@NCCapitol

NC Senate approves 12-week abortion ban, setting up veto test of new GOP supermajority

Two days after being introduced, the GOP-controlled state Senate approved the bill to ban most abortions after 12 weeks of pregnancy. The measure now goes to Democratic Gov. Roy Cooper, who says he'll veto the measure.

Posted Updated

By
Travis Fain
and
Will Doran, WRAL state government reporters

North Carolina Republicans' fast-tracked proposal for a new 12-week abortion ban cleared the Senate Thursday, setting the stage for the first test of the GOP’s new supermajority.

“This is a mainstream commonsense bill,” Republican Sen. Joyce Krawiec, a lead sponsor of the bill, said during floor debate Thursday. “... This is a pro-life plan. Not an abortion ban.”

Democrats, doctors and abortion groups said the bill goes further than that, pointing to new hoops women would need to jump through to get an abortion, including a mandatory in-person conversation with a doctor at least 72 hours before an abortion and a follow-up visit days after the initial visit.

“There are 20 counties in the state that don’t have a hospital and 30 that don’t have an obstetrician," said Sen. Sydney Batch, D-Wake. "So, how exactly is a working mom of two children, who works at a fast food restaurant … how is she supposed to take three days off from work over the course of a week to get to a doctors office 75 miles away in order to obtain an abortion?"

The chamber passed the bill 29-20 along party lines after about five hours of debate, and over protests from Democrats who denounced the speed with which the complex measure – introduced less than 48 hours before – sailed through the legislature.

Gov. Roy Cooper has promised a veto, but Republicans seem to have the numbers to override him. The state constitution gives Cooper 10 days to veto the bill and send it back to the General Assembly, so it may be law before the end of the month. Many of the provisions would be effective July 1, though that could be delayed by lawsuits.

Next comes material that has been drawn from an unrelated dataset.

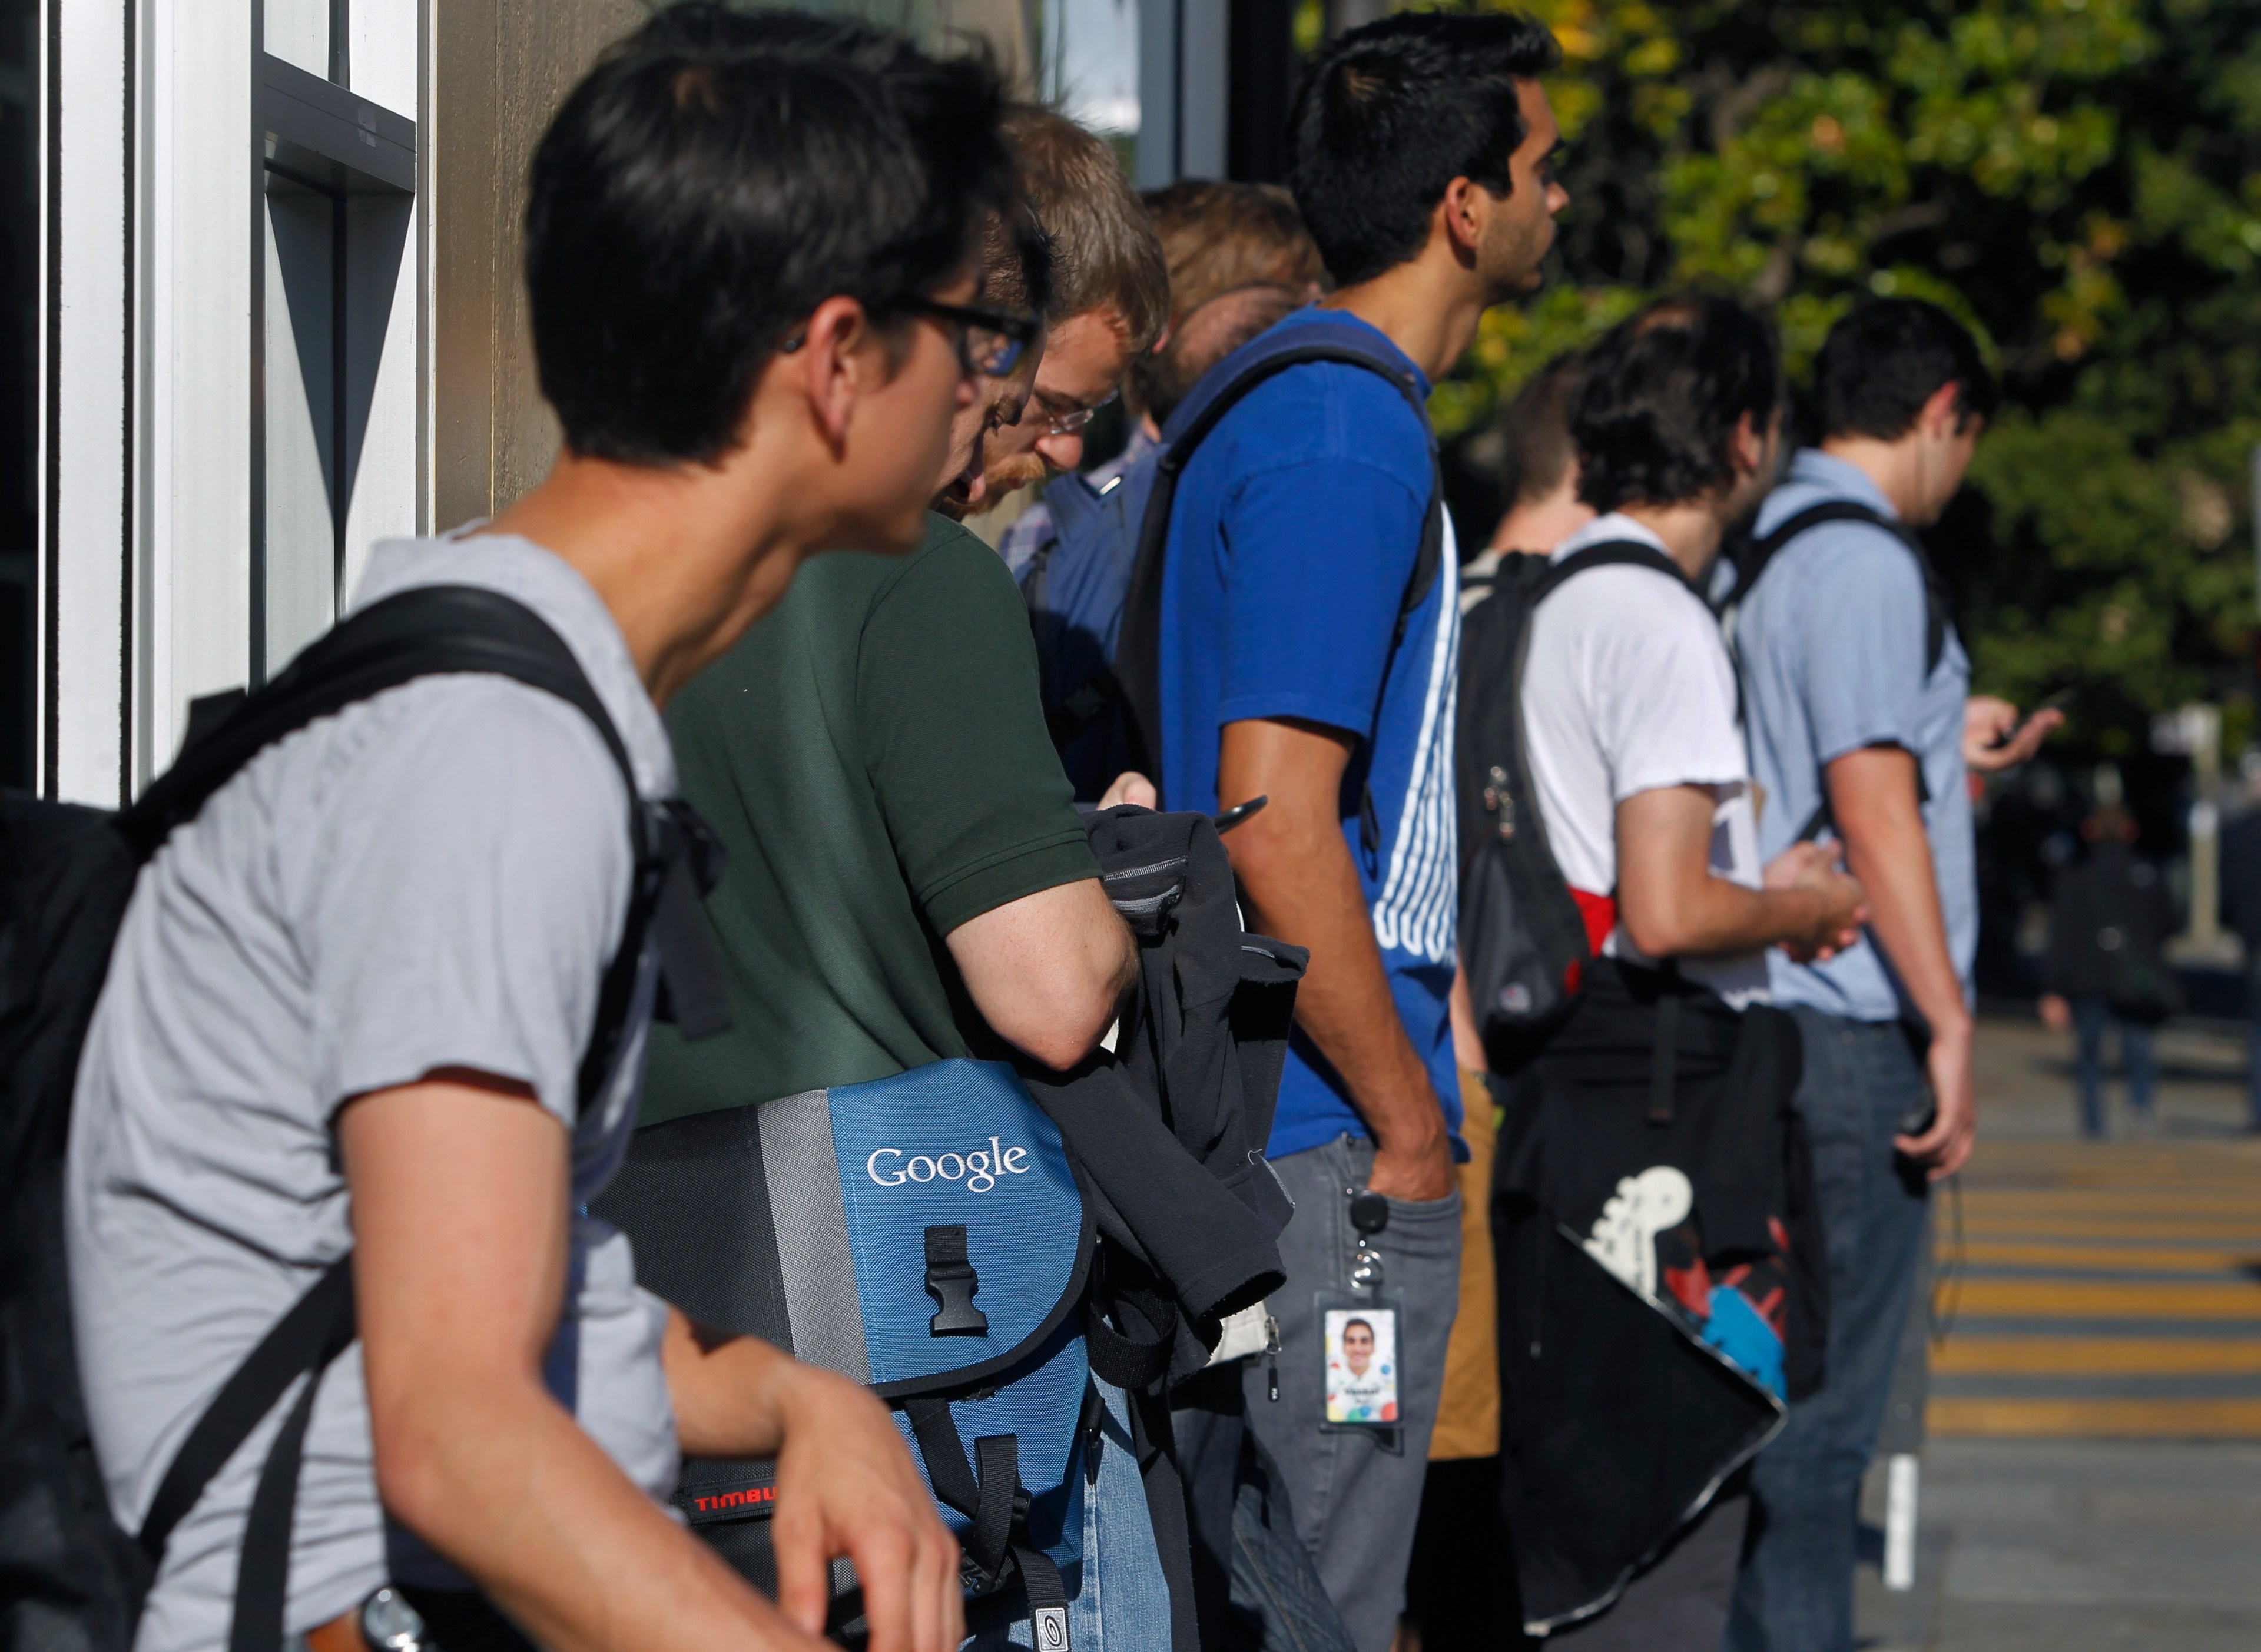 A group of people, mostly young men with backpacks and messenger bags, are standing in line outdoors. One visible bag reads &quot;Google.&quot;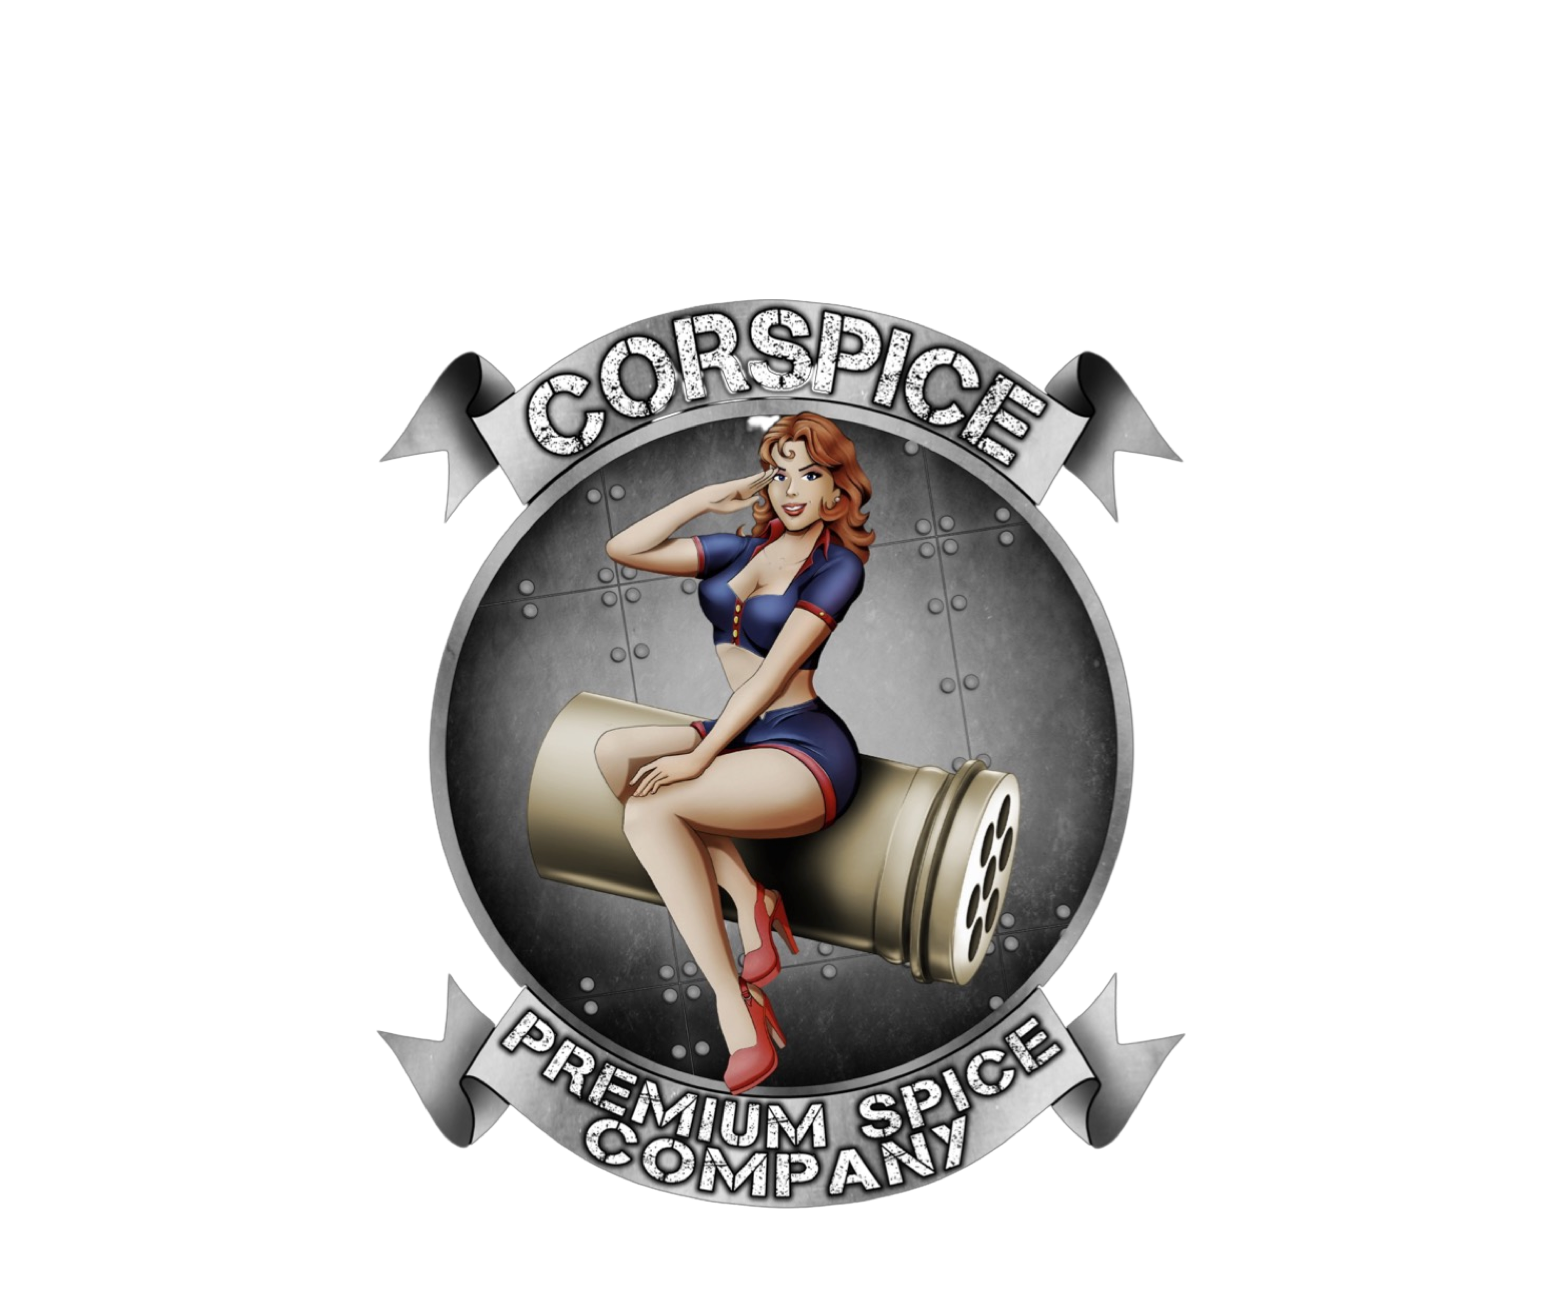 Veteran Owned and Operated Spice Company - Corspice

All 20 Senate Democrats spoke for their maximum allotted 10 minutes during Wednesday's floor debate. They also tried a series of parliamentary maneuvers to delay the vote, which the Republican supermajority rejected.

Debate was often emotional Thursday. Democratic and Republican women told personal stories of their pregnancies and other events that shaped their beliefs.

One of the most emotional moments came from Sen. Val Applewhite, a Fayetteville Democrat and Air Force veteran. She told the story of when she was 18, newly enlisted, and narrowly escaped being raped by a high-ranking officer. She never reported it, she said, adding that many women don’t report such crimes out of a legitimate fear of retribution.

So while the bill does keep the deadline for rape victims to get an abortion at 20 weeks, Applewhite said, that realistically won't apply to the thousands of women stationed at North Carolina's many military bases.

"We are not going to say we were raped, because there are consequences to telling people that you were raped," Applewhite said, fighting back tears. "So you try to find someone that knows how to help you in the civilian world, to terminate a pregnancy that you did not ask for. And it happens more often than you all would know."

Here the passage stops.